Solve xy' + y + y^2 = 0 for y(1) = 2
---------
I isolated y' such that: y' = (-y^2-y)/x
But I'm not sure what to substitute from here
I could do v = -y^2- y and v' = -2yy' - y' but I'm not sure this would help
just for fun
x dy/dx = -y^2 - y
- dy /[y(y+1) ] = dx/x
-1 ln [ y/(y+1) ] = ln x + ln c = ln xc
ln [ y/(y+1) ]^-1 = ln xc
x c = (y+1)/y
if x = 1 , y = 2
c = 3/2
3 x = 2(y+1)/y
I'm not sure if your integration is correct; I got -ln|1/y + 1|
However, thank you.
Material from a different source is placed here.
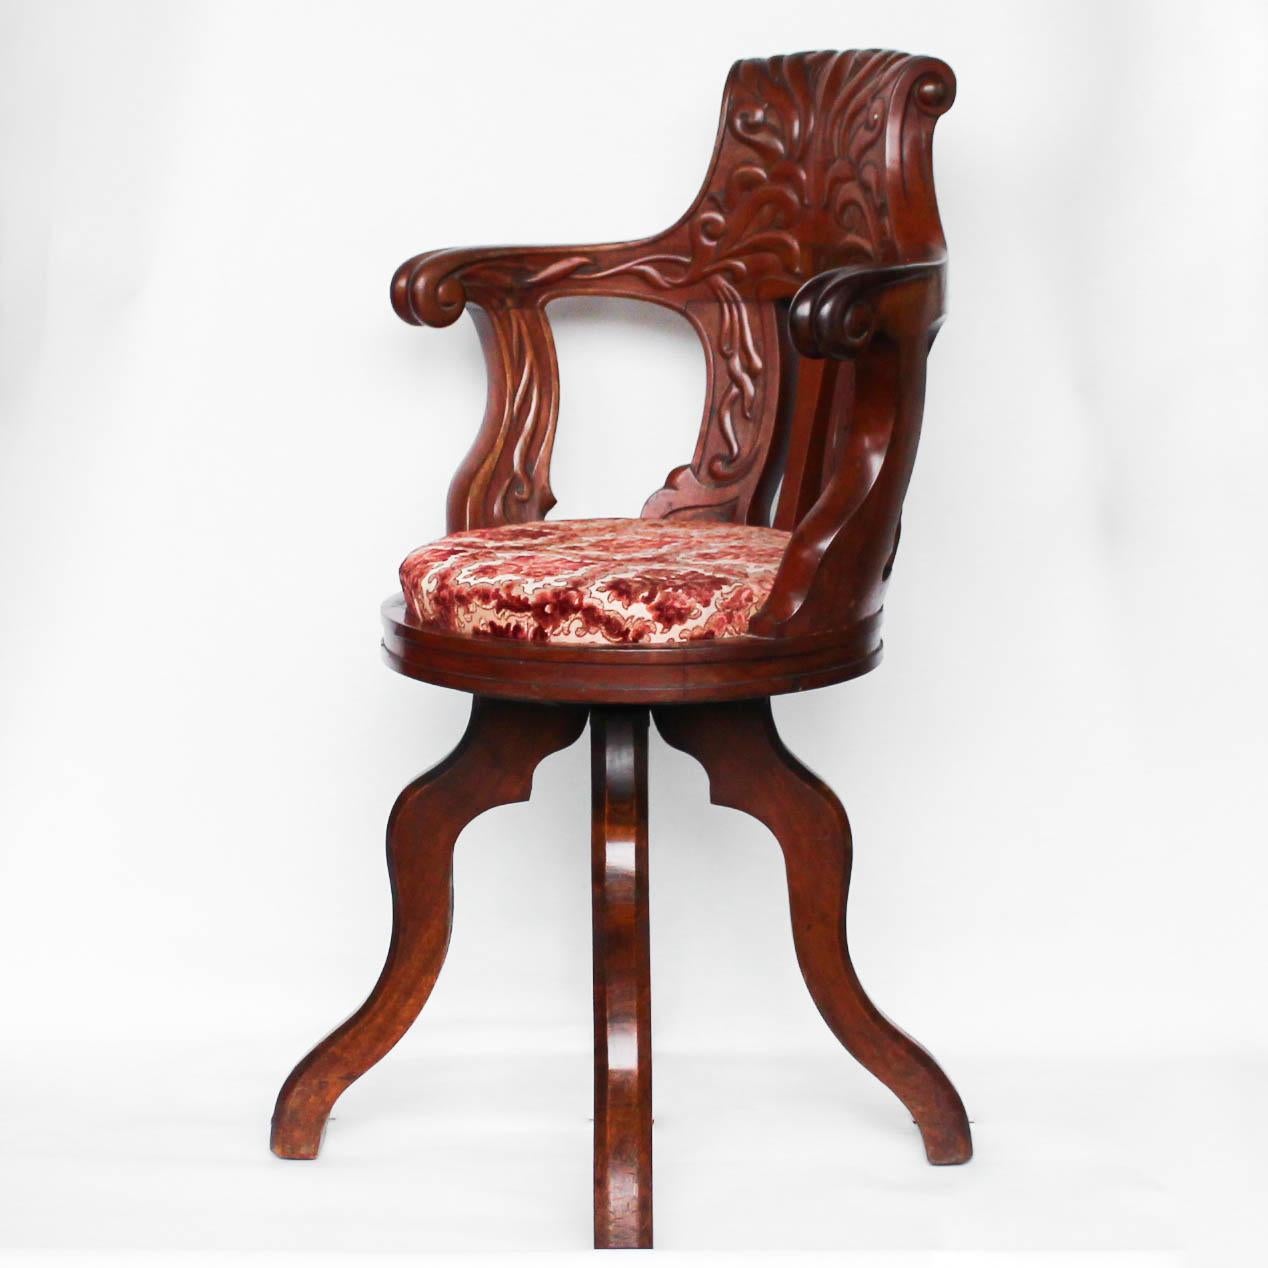 A solid, carved, walnut saloon chair from HMHS Britannic, sister ship to the Titanic.


   

Is substitution even possible for this problem?
I used my 1955 integration tables
int { dx/[x(ax+b)] } = (1/b)ln [ x/(ax+b) ] + constant
I did it that way because I did not figure out how o do it with substitution.
use partial fractions.
1/(y(y+1)) = 1/y - 1/(y+1)
To solve the given differential equation xy' + y + y^2 = 0 with the initial condition y(1) = 2, you can use a technique called separation of variables.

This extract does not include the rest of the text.